Work required → Go to the line that contains "Emulsion para Masaje" in the listing below, then output it and every line after it exactly, omitting pictures.

The data →

#####

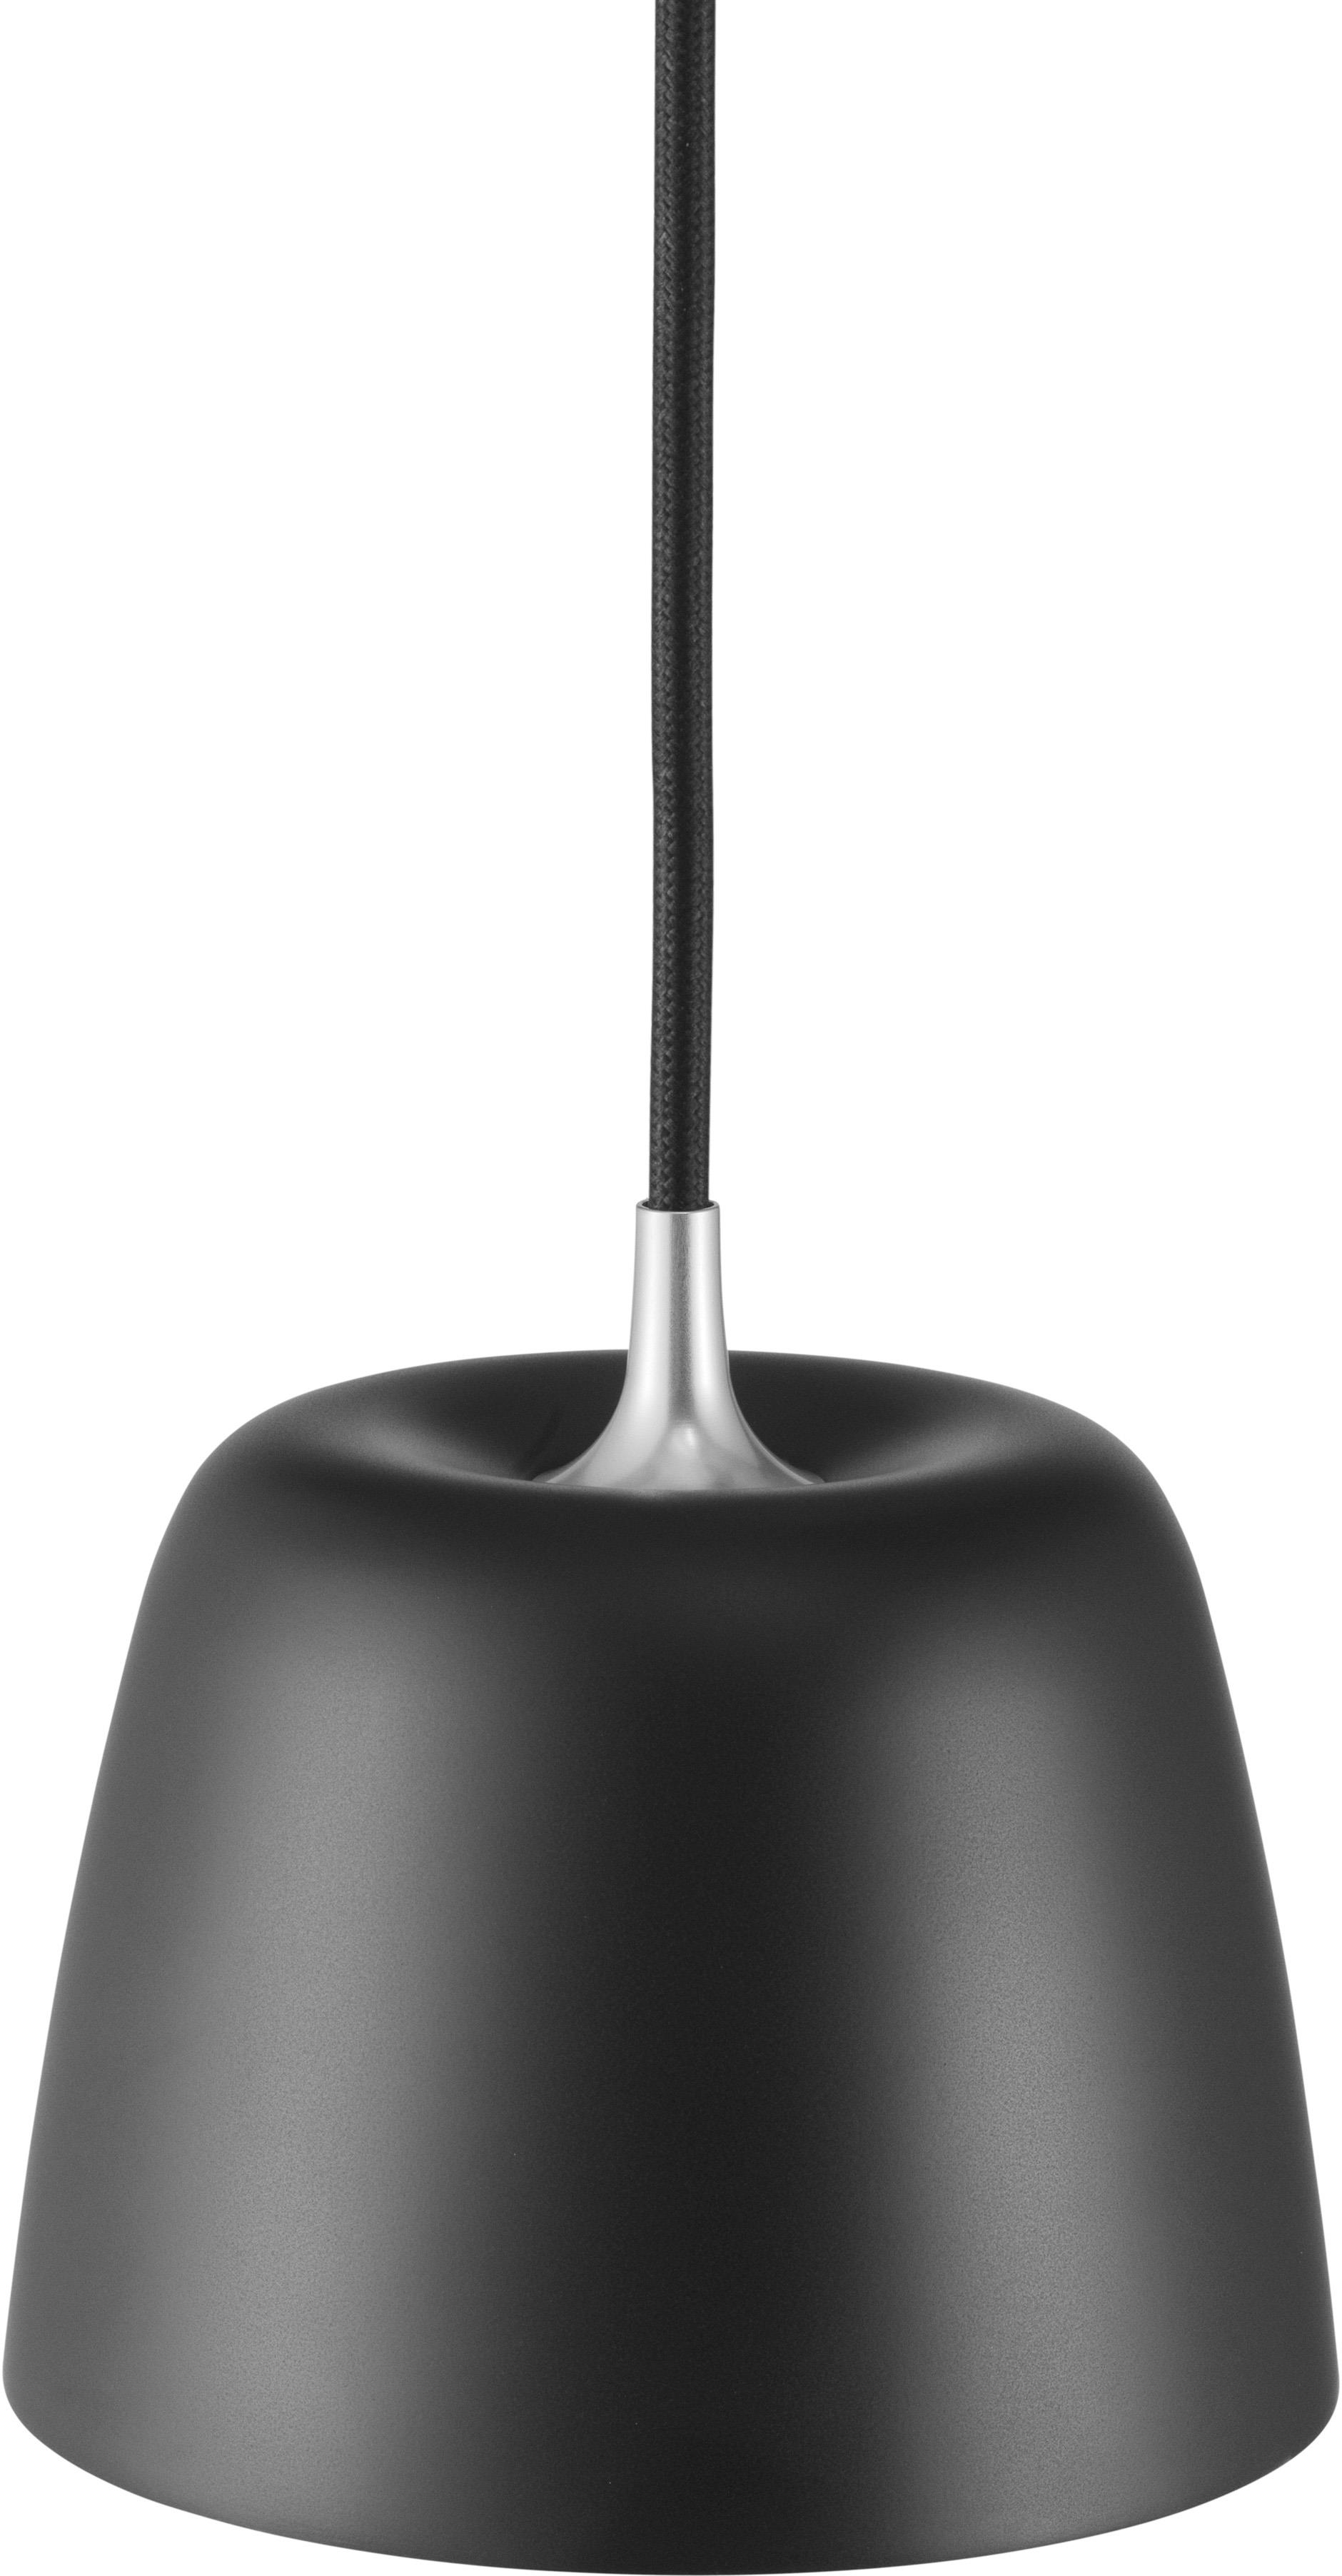 Tub Leuchte EU in Schwarz präsentiert im Onlineshop von KAQTU Design AG. Pendelleuchte ist von Normann Copenhagen
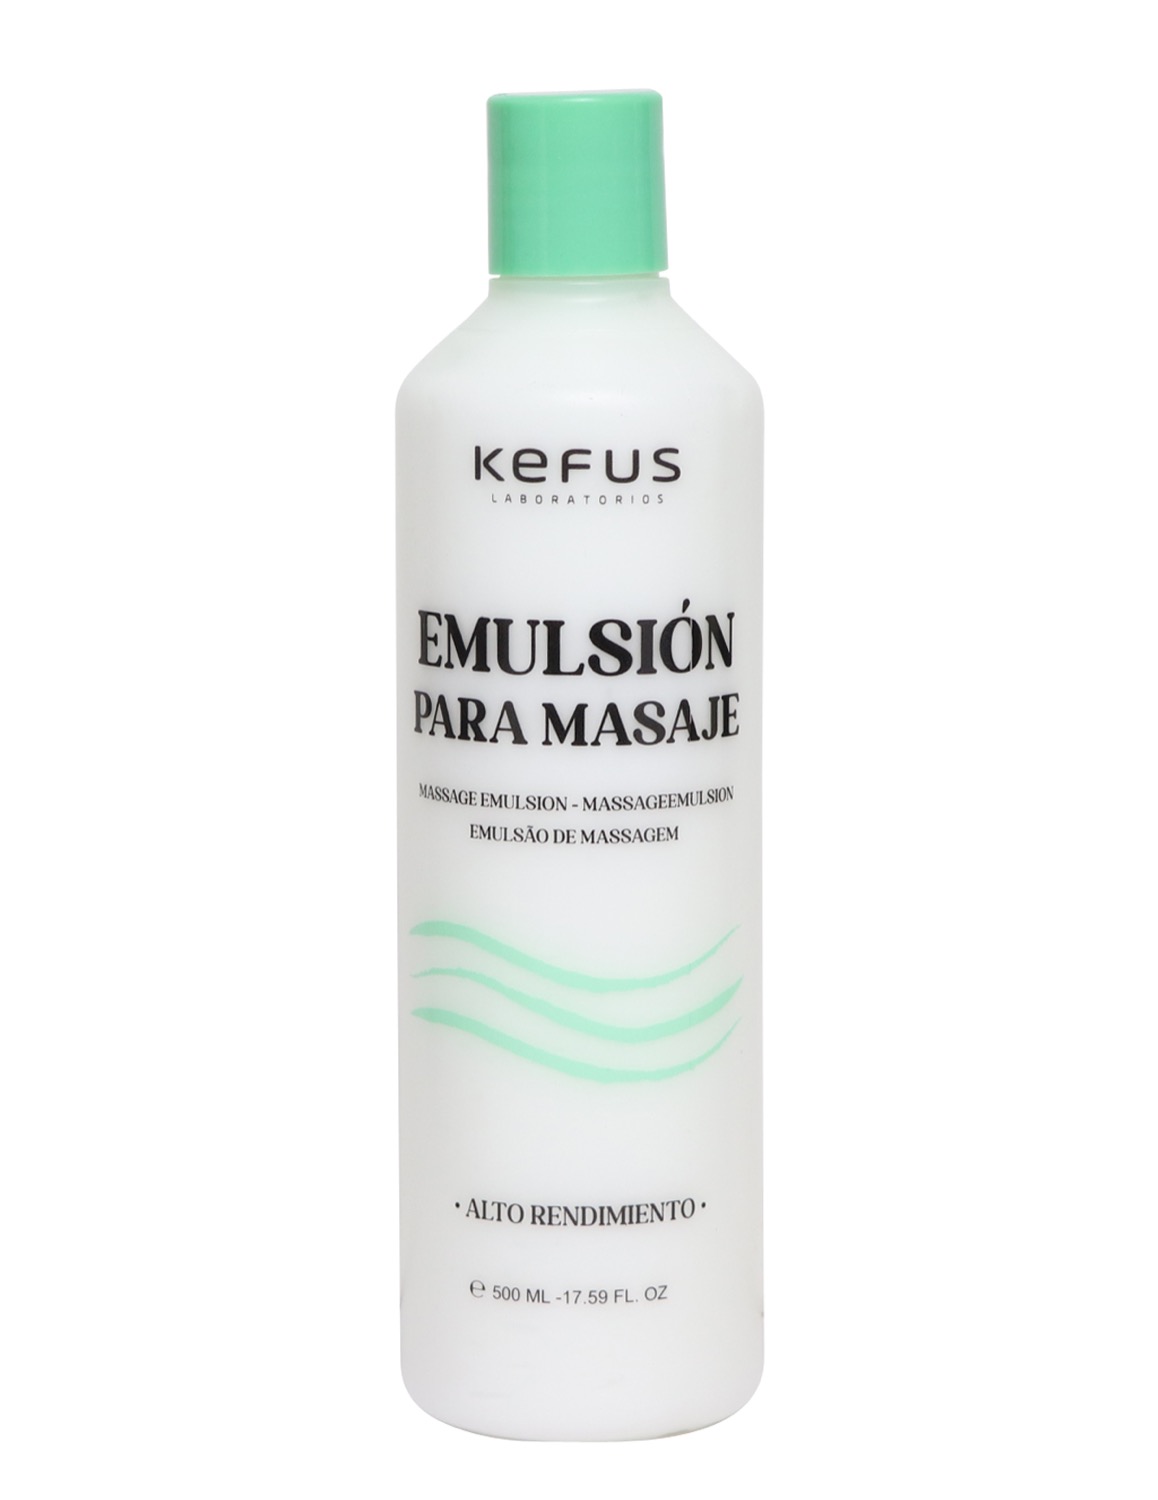 Emulsion para Masaje profesional Kefus 500 ml
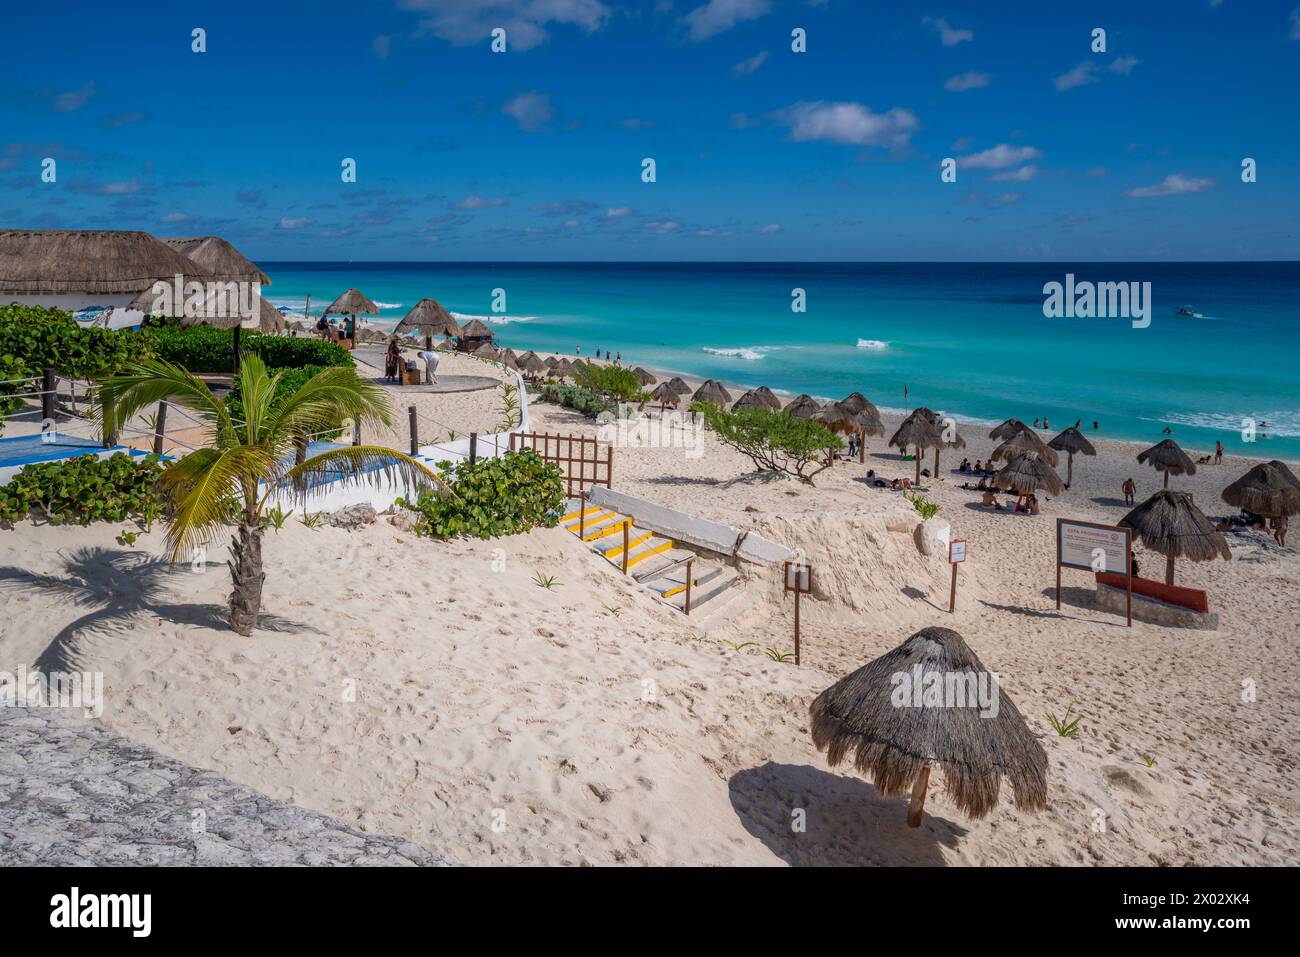 Vista della lunga spiaggia di sabbia bianca a Playa Delfines, zona degli hotel, Cancun, costa caraibica, penisola dello Yucatan, Messico, Nord America Foto Stock
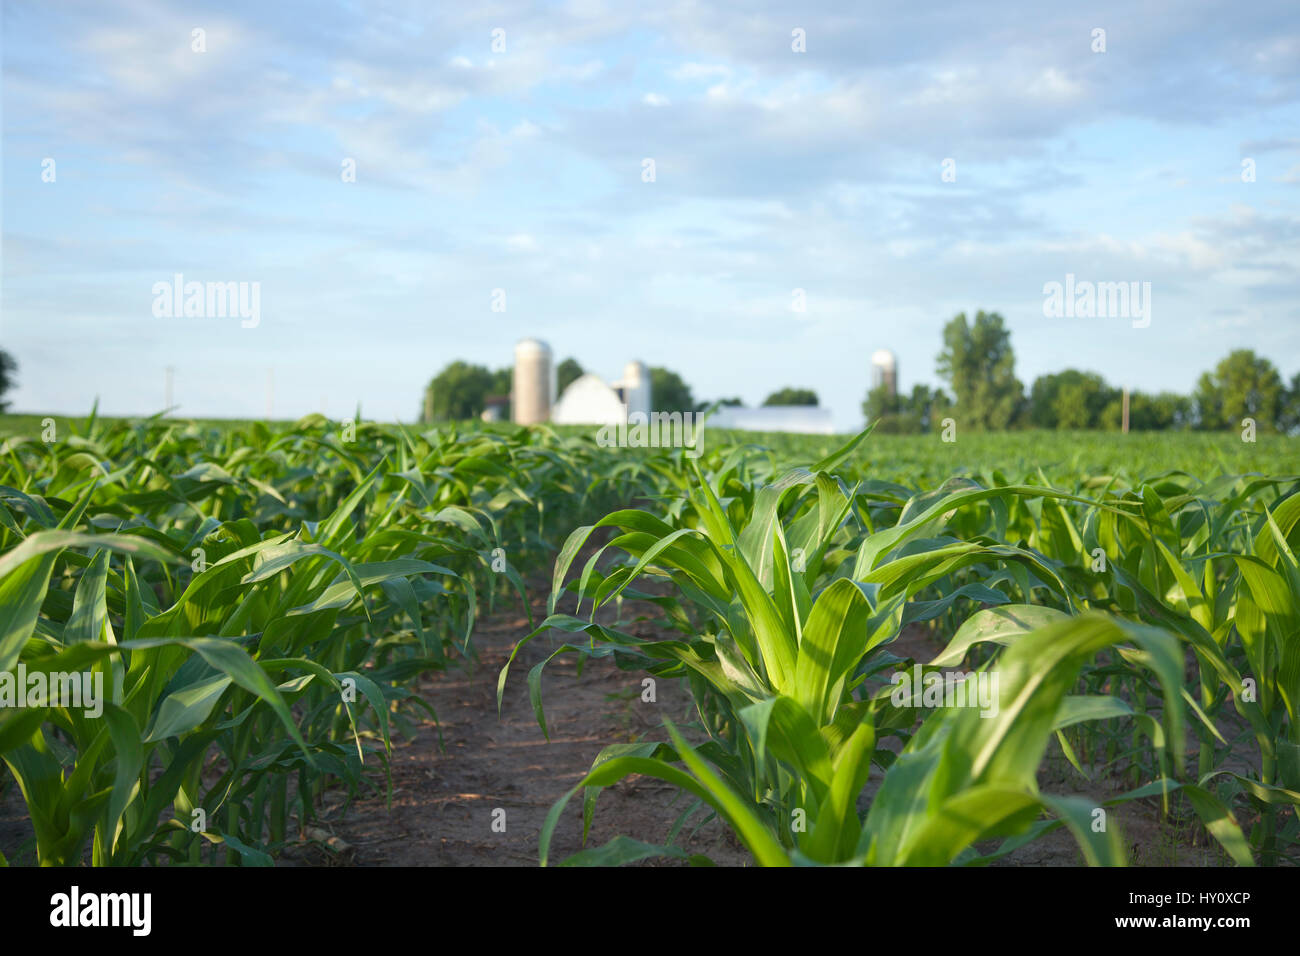 El enfoque selectivo, ángulo de visión baja de un maizal y granja en una mañana soleada Foto de stock

#####

Result of this task →
 Emulsion para Masaje profesional Kefus 500 ml
 Vista della lunga spiaggia di sabbia bianca a Playa Delfines, zona degli hotel, Cancun, costa caraibica, penisola dello Yucatan, Messico, Nord America Foto Stock
 El enfoque selectivo, ángulo de visión baja de un maizal y granja en una mañana soleada Foto de stock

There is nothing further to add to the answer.